As you can see, Morgenthau provides no evidence to back any of his wild accusations, yet Quico and other sycophants of the empire gladly offer up their support for this nonsense for its propagandistic value and as a way to slander Venezuela.

What is perhaps the most obvious contradiction of Morgenthau's logic is that it is apparently okay for the US to have close relations with many nations in Iran's proximity including Israel and Pakistan, (who they have supplied with nuclear weapons), Saudi Arabia, and of course Iraq and Afghanistan (which they have invaded and taken over.) But for some reason it is a grave threat if Iran has relations with any country in the U.S.'s "backyard" (yes, he actually calls Venezuela the U.S.'s backyard!).

But the logic of imperialism is so ingrained in the psyche of sycophants like Quico and gang that they are incapable of perceiving what is so obvious to the objective viewer.

Sunday, August 16, 2009

A Letter to Opposition Author Brian Nelson

Brian Nelson is an author and professor at John Hopkins University. He recently wrote a book about the 2002 coup d'état in Venezuela, which gave a very one-sided account of the events, and left out some very important pieces of evidence. After hearing him on the radio recently, I decided to write him this letter:

Mr. Nelson,

I listened via web to a radio interview that you did on public radio a couple days ago. I couldn't help but notice that many of the things you said are factually wrong. I don't have time to go into each and every one of them right now, but I thought I should at least point out to you the most obvious one (and perhaps the most important to you) regarding the 2002 coup attempt in Venezuela. Since you wrote a book on the topic, it surprises me that you could ignore some of the most basic pieces of evidence surrounding the events.

You said in the interview that the military decided to overthrow the Chavez government after they learned of the civilian deaths in the street. This is false, and even the coup leaders themselves have said as much. The day after the coup, the coup leaders discussed on national television their "plan", and how they had been planning it long before any deaths occurred. You can see parts of that video here.

Not only that, but you also ignore the testimony of Otto Neustadl and Mayela Leon, both journalists which were present when the military generals renounced support for the Chavez government on national television. Both of these journalists have given independent statements which reveal that the military generals were discussing the deaths in the streets hours before they had actually happened. Otto Neustadl even says that they told him the night before that there were going to be deaths at the march on April 11th. Those testimonies can be seen here and here.

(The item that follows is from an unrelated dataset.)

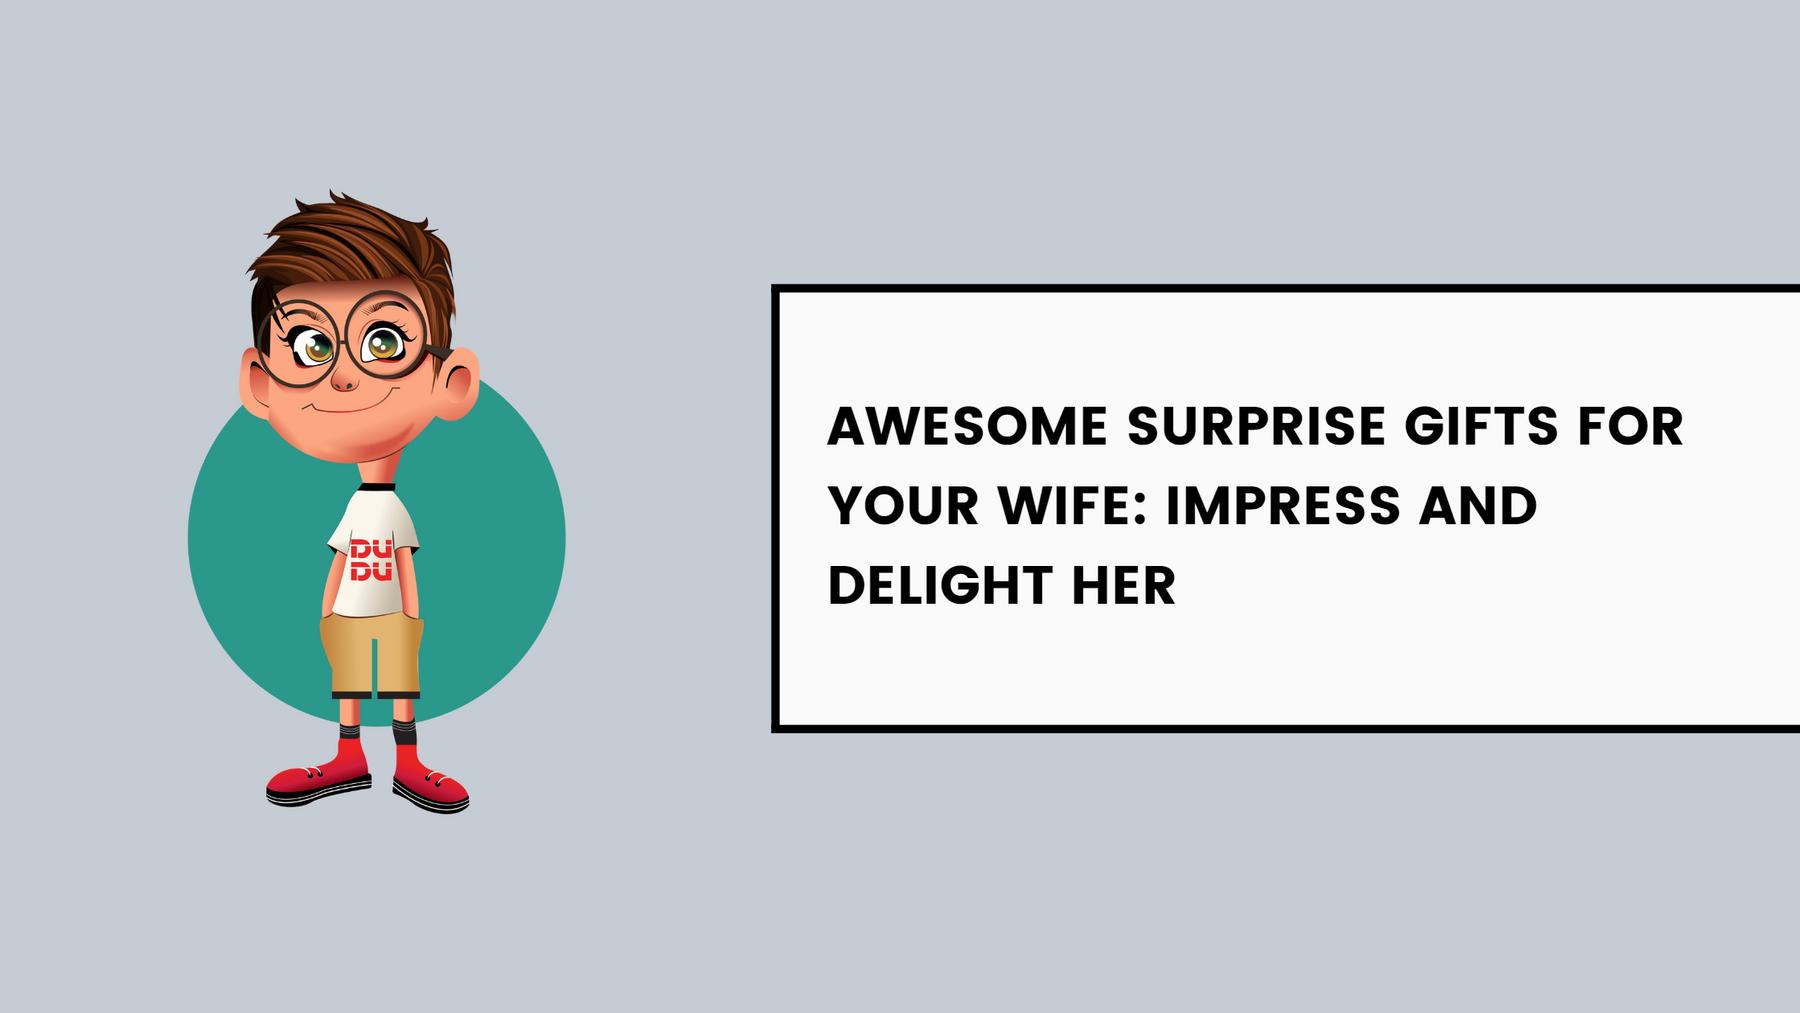 Awesome Surprise Gifts For Your Wife: Impress And Delight Her

An honest look at the available evidence shows that this coup was clearly planned in advance by opposition forces, and it also seems quite probable that the civilian deaths were planned and carried out by opposition forces. There is evidence that indicates members of the Metropolitan Police force, controlled at that time by opposition mayor Alfredo Peña, had infiltrated the La Nacional building and were, in their own words, neutralizing "los talibanes." Those audio recordings can be heard here.

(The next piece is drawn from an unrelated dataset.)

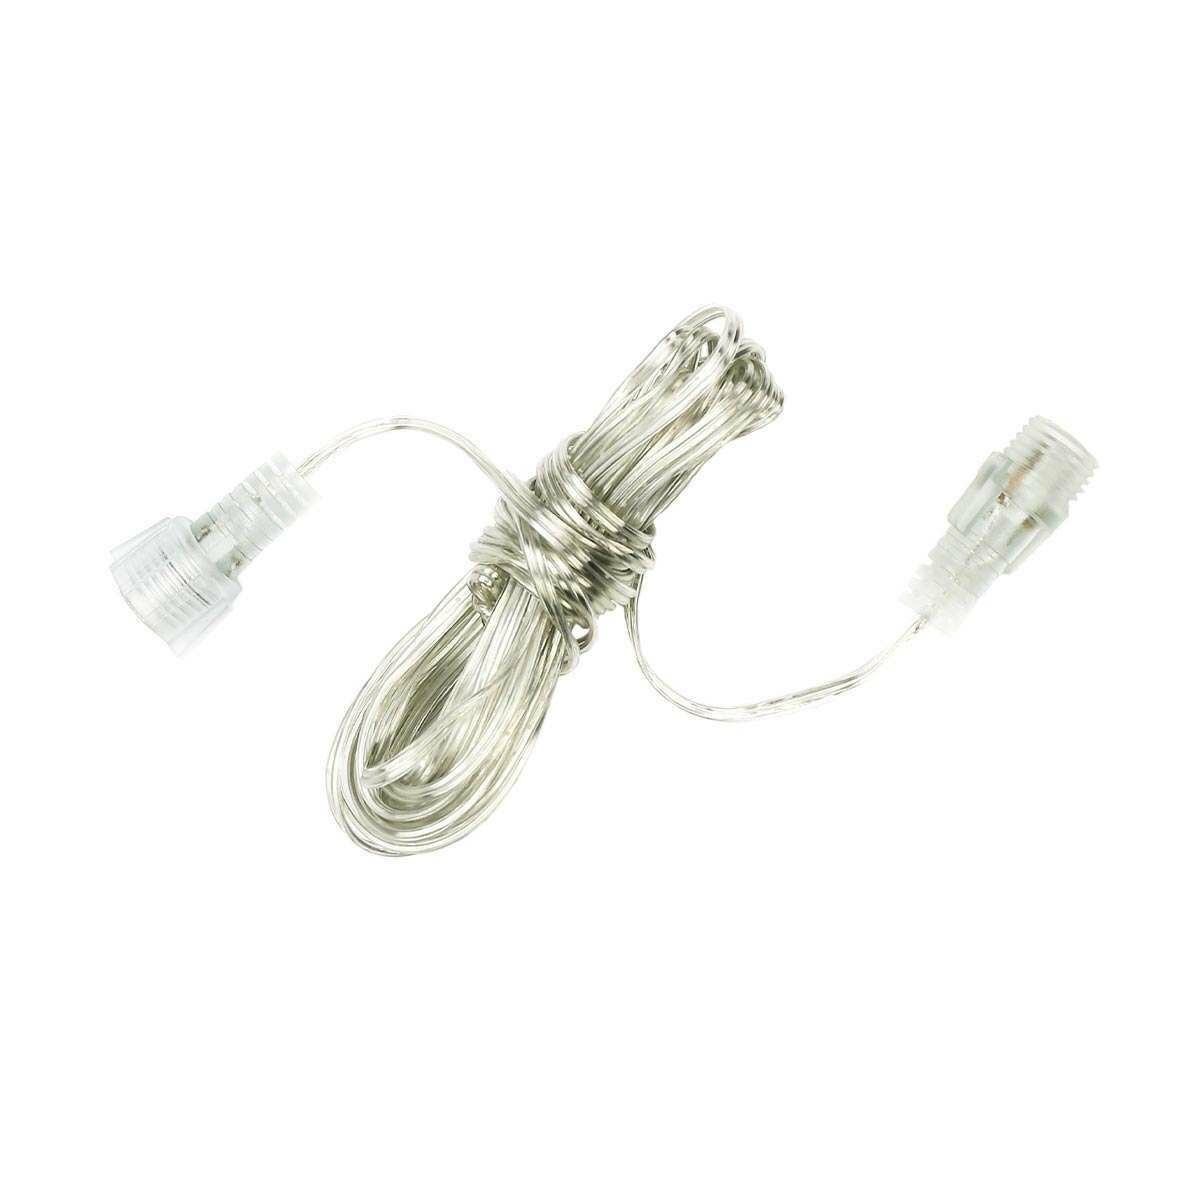 ConnectGo® 5m Extension, Clear Cable image 1

As a scholar and professional, one would think you would be interested in including all relevant evidence about the events that day. However, I notice in your book that you fail to even mention any of the evidence above which contradicts your account. You also fail to mention anything about the media manipulation regarding the shootings on Puente Llaguno, or the overwhelming role of the media in the coup. I would be interested in hearing your explanation as to why you did not address these key pieces of evidence in your book, and why you continue to give a false account of what happened on April 11th, 2002 in your public appearances.

Thank you,


So, In my mind there are only two possibilities here. Either Mr. Nelson was unaware of these key pieces of evidence that refute his version of events, or he is simply dishonest, just like his friends over at CaracasChronicles. What's your guess? Wanna bet he doesn't respond?